Но ни разу у него не возникла мысль оставить семью! Ни разу.
А Мария Федоровна, заметив несвойственное мужу нетерпение, волнение перед командировкой в Париж, придирчивое разглядывание себя в зеркале, почувствовала, что он изменился, отдаляется от нее. Призадумалась. Память услужливо подсказала некоторые детали его поведения. Другая женщина? Встревожилась. Потом заставила себя не думать об этом. Ревность на склоне лет – унизительна. Она знала, что Петя верен был ей всю супружескую жизнь. Он слишком привязан к ней, к семье, к детям. Серьезен и благороден. Вспомнила, как не раз с брезгливостью и презрением делился с ней о коллегах, позволявших себе связи на стороне. Но сомнение зацепило за душу, ранило, и давало знать о себе обмиранием сердца, повышением давления. Эта заноза жила теперь в ней. Мария Федоровна внутри вся сжалась, но вида не подавала.

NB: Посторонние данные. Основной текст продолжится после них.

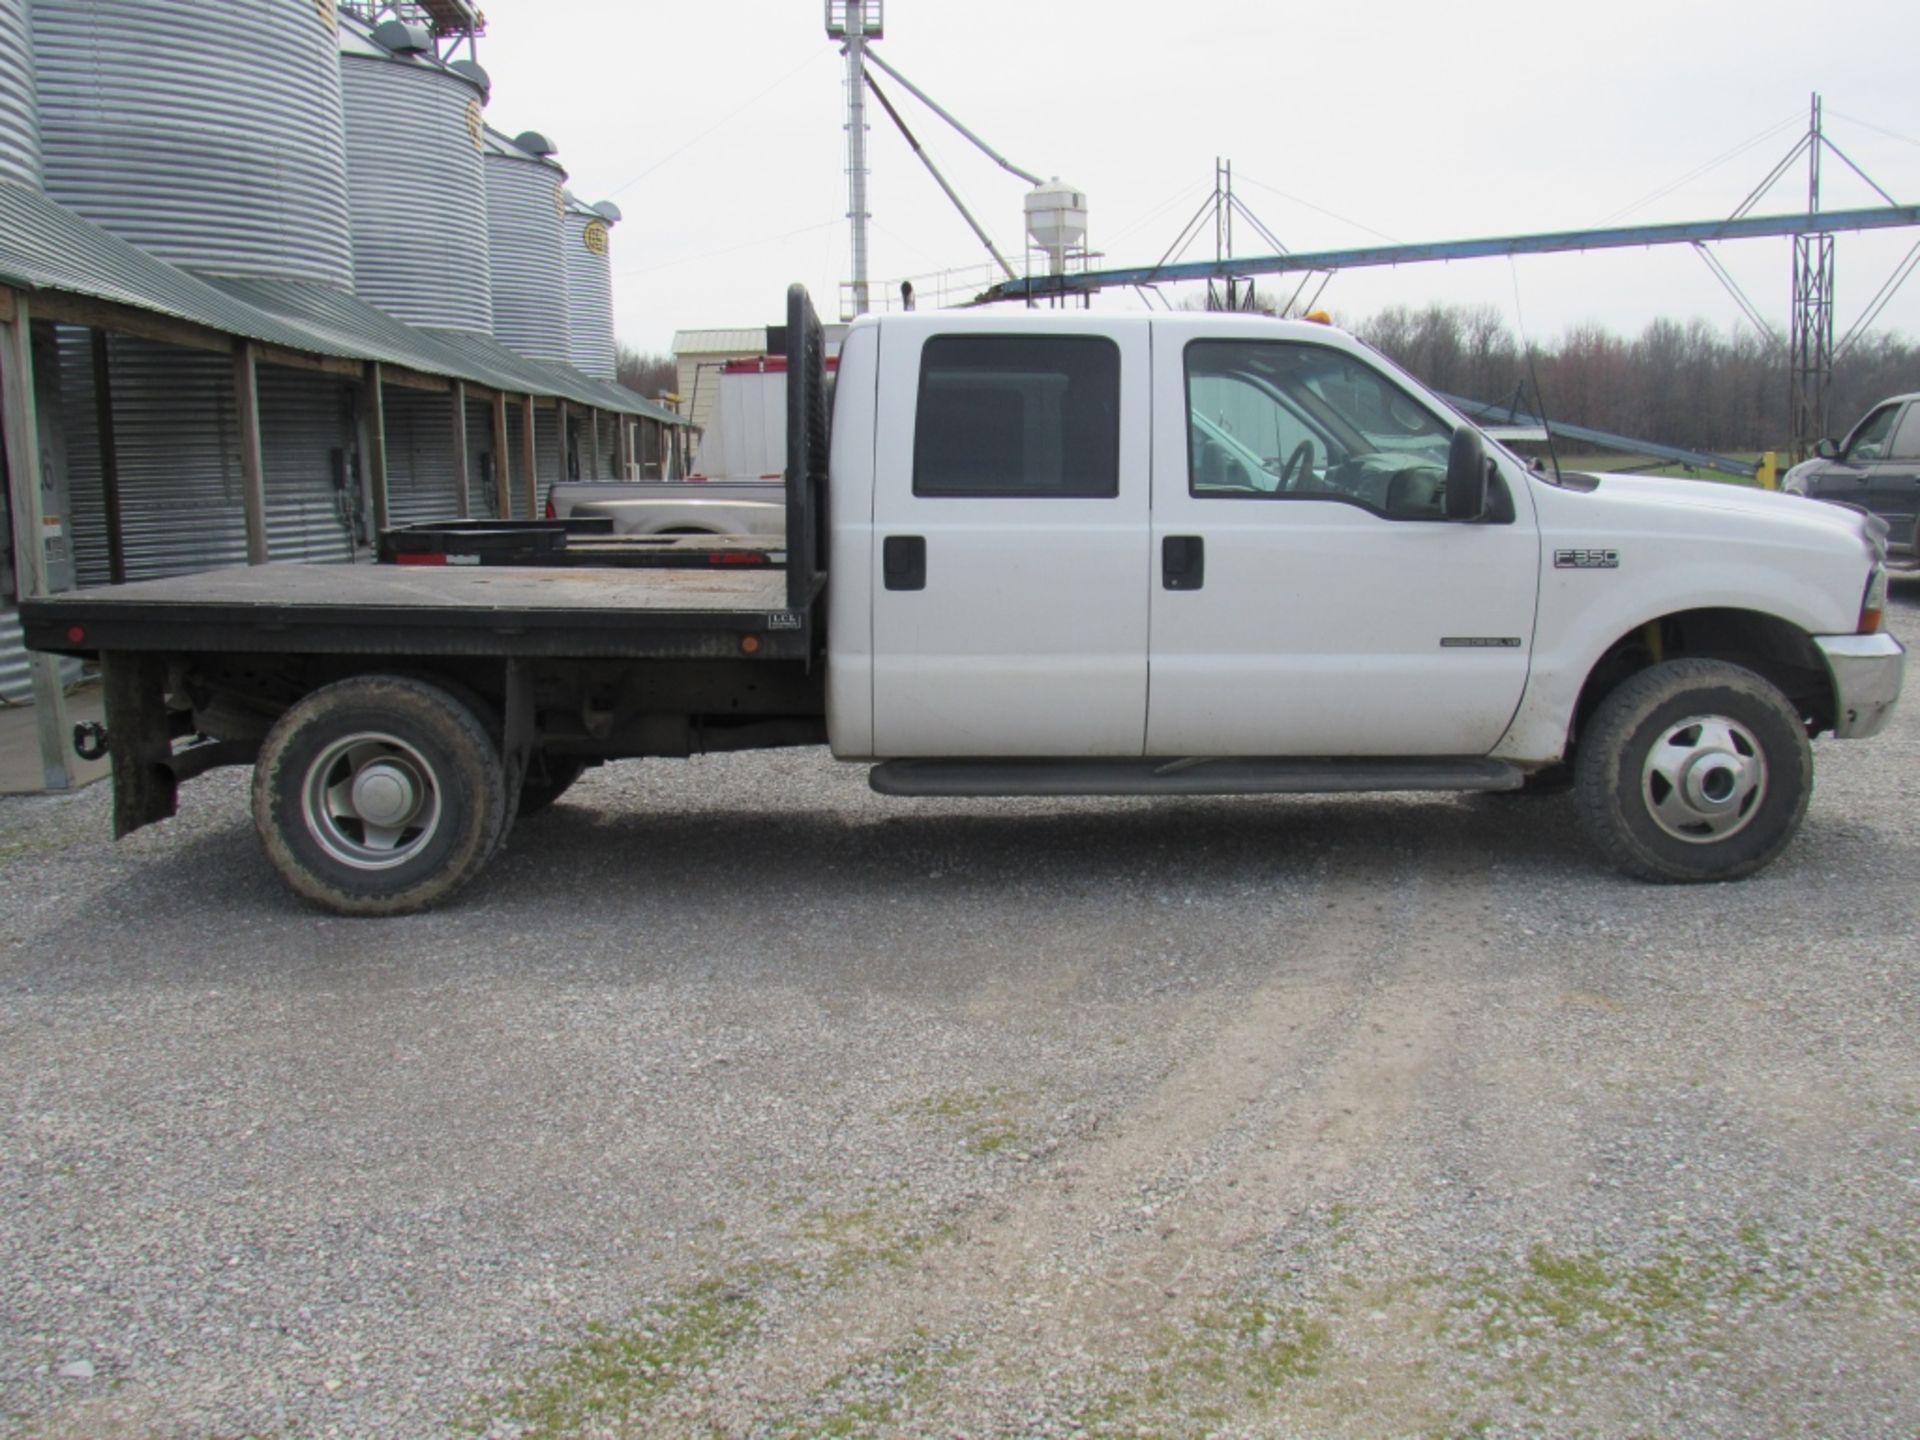 2001 Ford F350 Lariat Flatbed 4wd 7.3 L Powerstroke Diesel Engine - Image 7 of 21

* * *Весной Жозефина неожиданно сама прилетела в Москву.
Встретились в отеле. Она показалась ему изменившейся, необычно молчаливой. Что-то беспокоило ее. Не было прежнего восторга, смеха, трепета, не зажигалась от его поцелуев.
– Я приехала решить с тобой вопрос моей жизни, – тихо сказала она. От нетерпения и пугающей неизвестности он едва не уронил вазу, куда ставил розы.
– Я беременна. Хочу оставить ребенка, как память о тебе. Мы не сможем быть вместе долго. Рано или поздно о нашей связи узнает твоя жена, будет конфликт и нам придется расстаться.
Чуть не плача, она продолжала: – Мне будет легче, если ребенок будет желанным и для тебя. Ты согласен?
Она внимательно посмотрела на него. И добавила: – На большее я не претендую, ты же знаешь.
Он растерянно молчал.
В нем боролись радость и страх за нее, ответственность за ребенка, за их судьбу.
Твердо сказал: – Я хочу его. Буду помогать тебе во всем. Я счастлив иметь от тебя малыша, и не оставлю вас.
Жозефина бросилась ему в объятия, заплакала от радости. Их жизнь и любовь приобрели теперь другие оттенки, другое звучание и смысл. Это были дни, наполненные любовью.
Когда он получил известие о рождении сына, долго сидел не двигаясь, в радостном оцепенении.
У его Жози – сын! Его сын! Он вновь стал отцом. В его-то годы!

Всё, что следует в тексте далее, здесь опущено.